EXERCISE OBJECTIVE: From the line with "Zip back, polyester/spandex blend" down to the final line of the material, please transcribe everything exactly, but leave the pictures out.

SUPPLIED MATERIAL:

*****

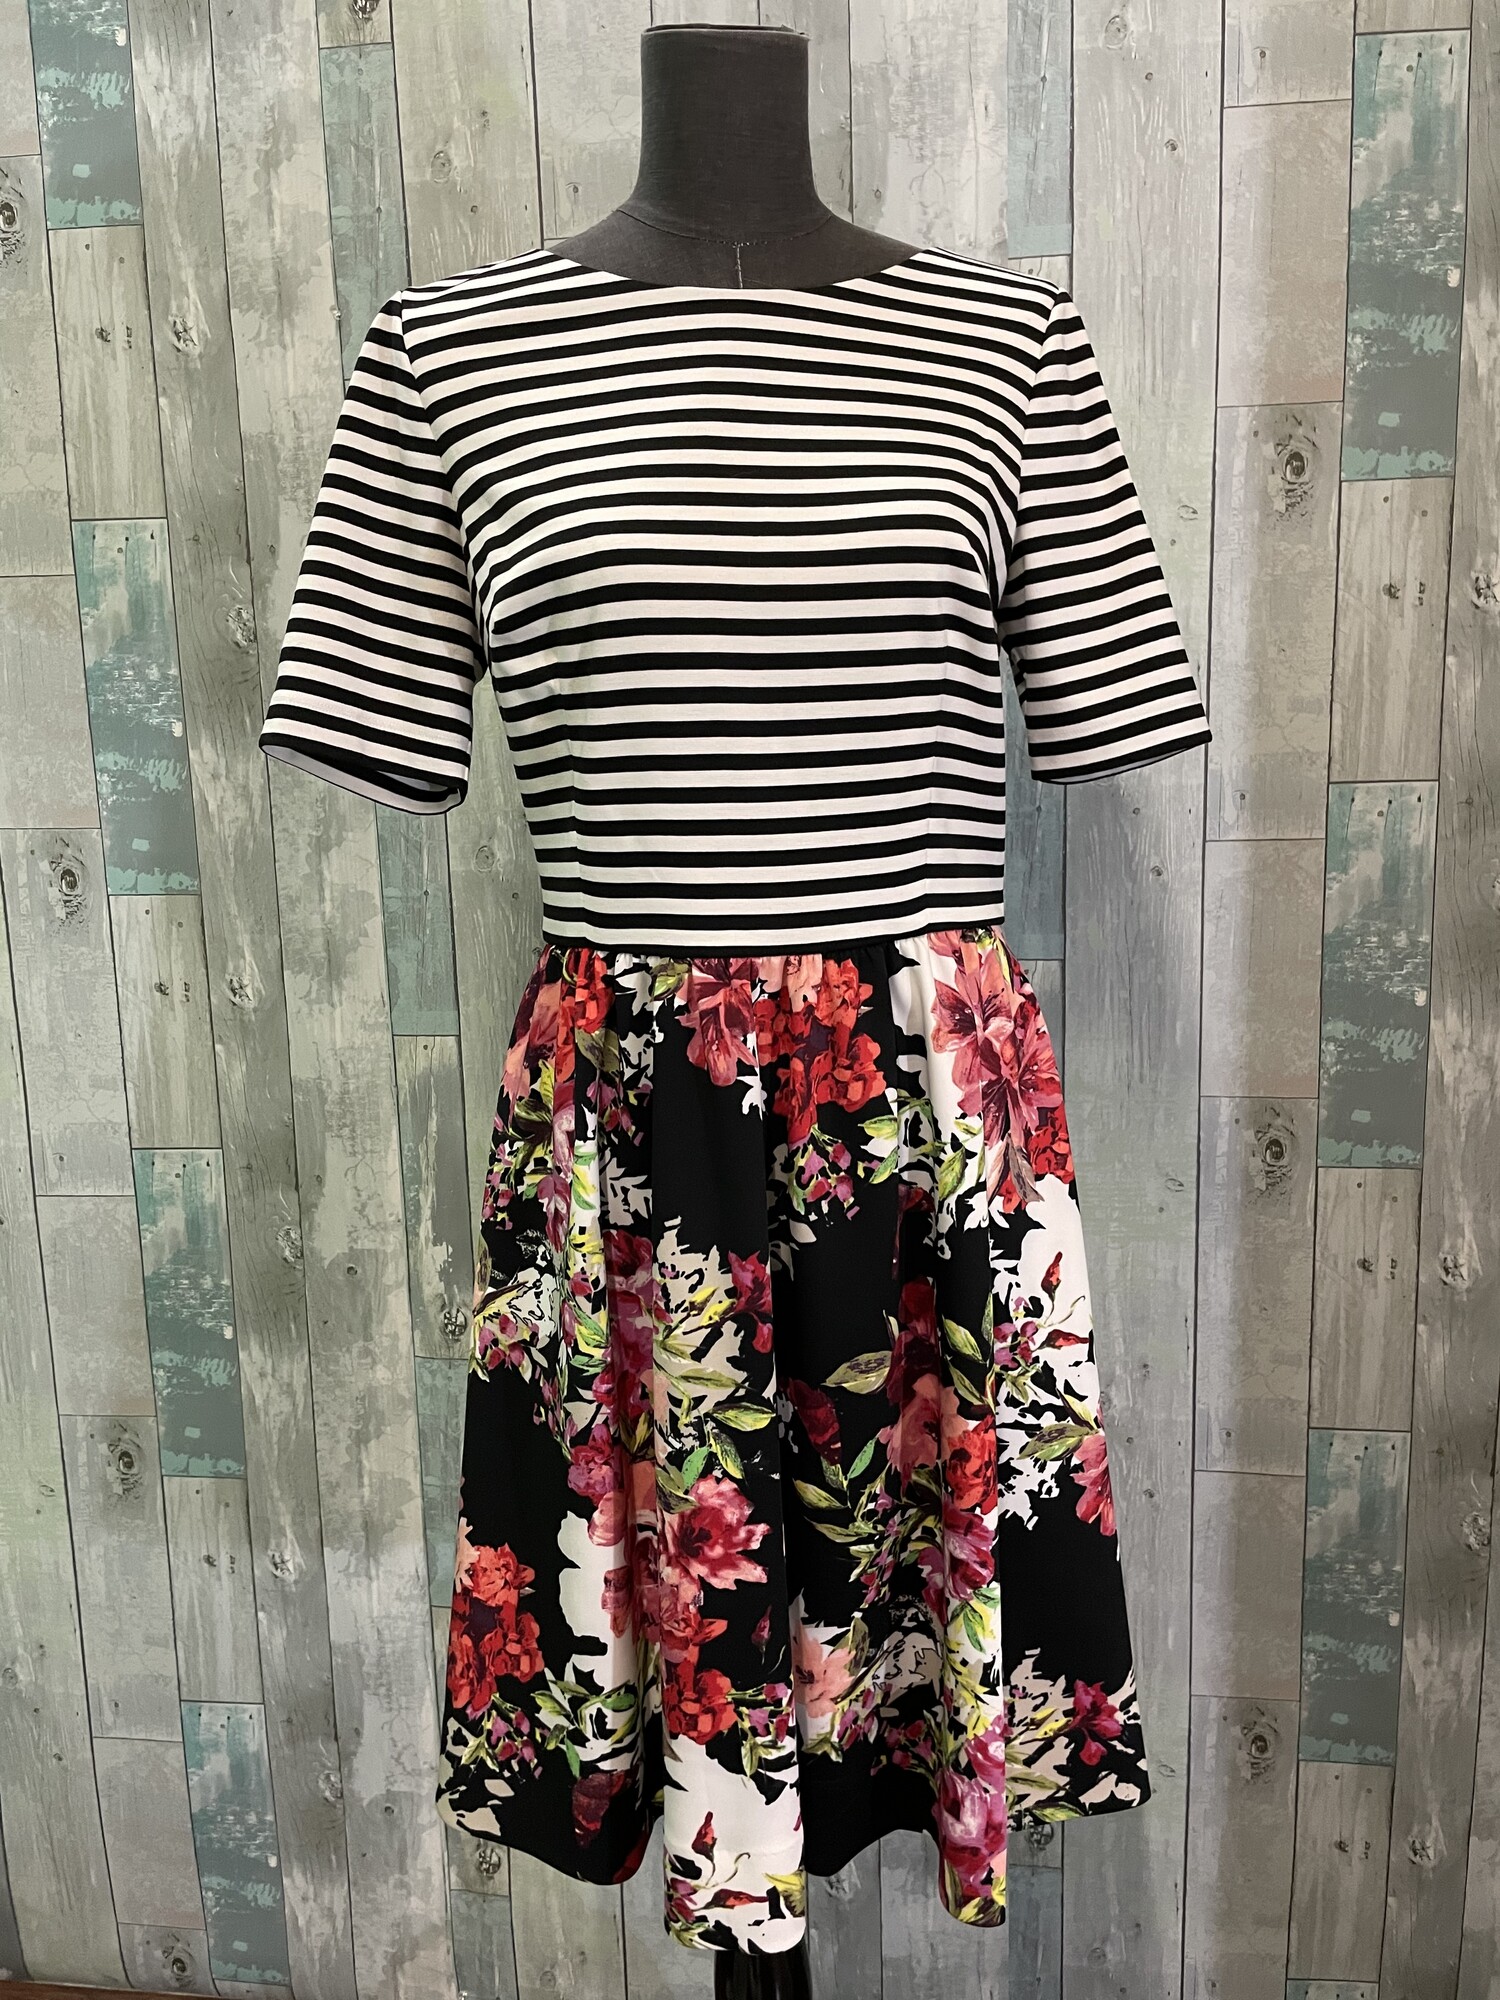 Jessica Howard Striped & Floral Dress
Zip back, polyester/spandex blend
Size: 12
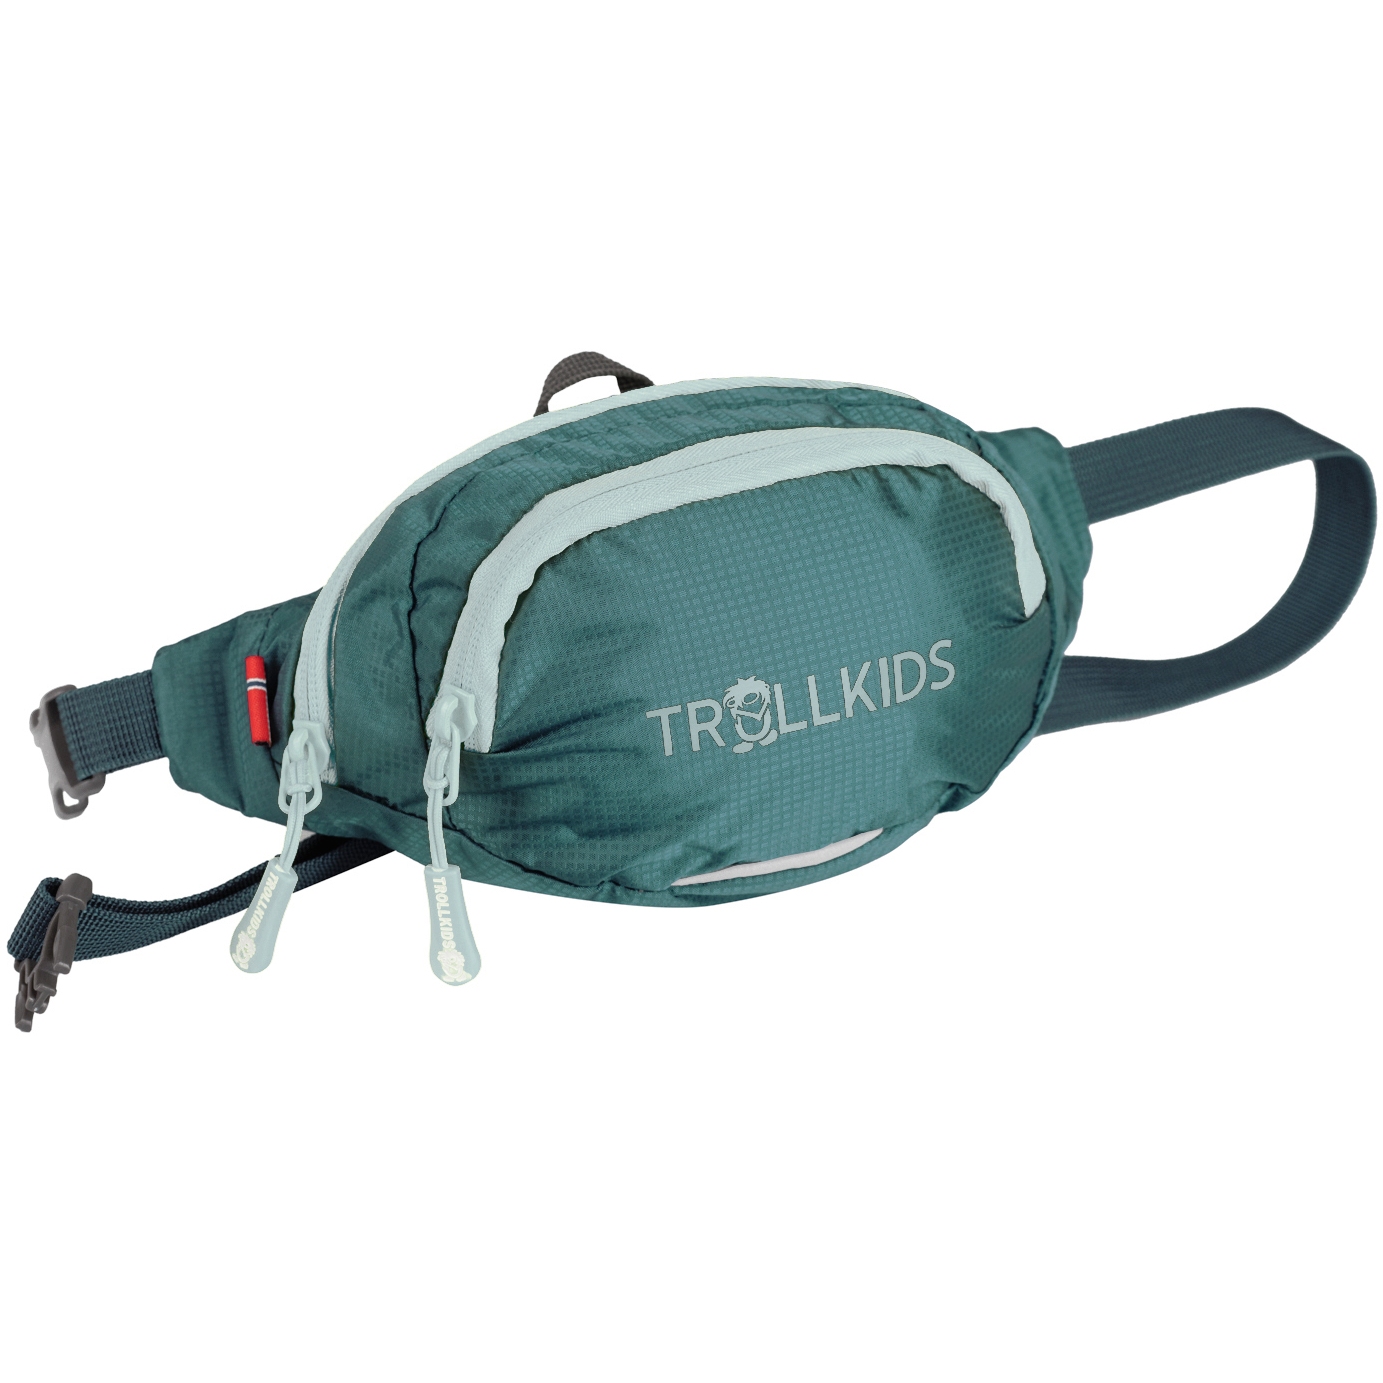 Productfoto van Trollkids Trolltunga Hip Bag 1.2L Kids - Teal/Aqua

*****

ANSWER SECTION:
Zip back, polyester/spandex blend
Size: 12
 Productfoto van Trollkids Trolltunga Hip Bag 1.2L Kids - Teal/Aqua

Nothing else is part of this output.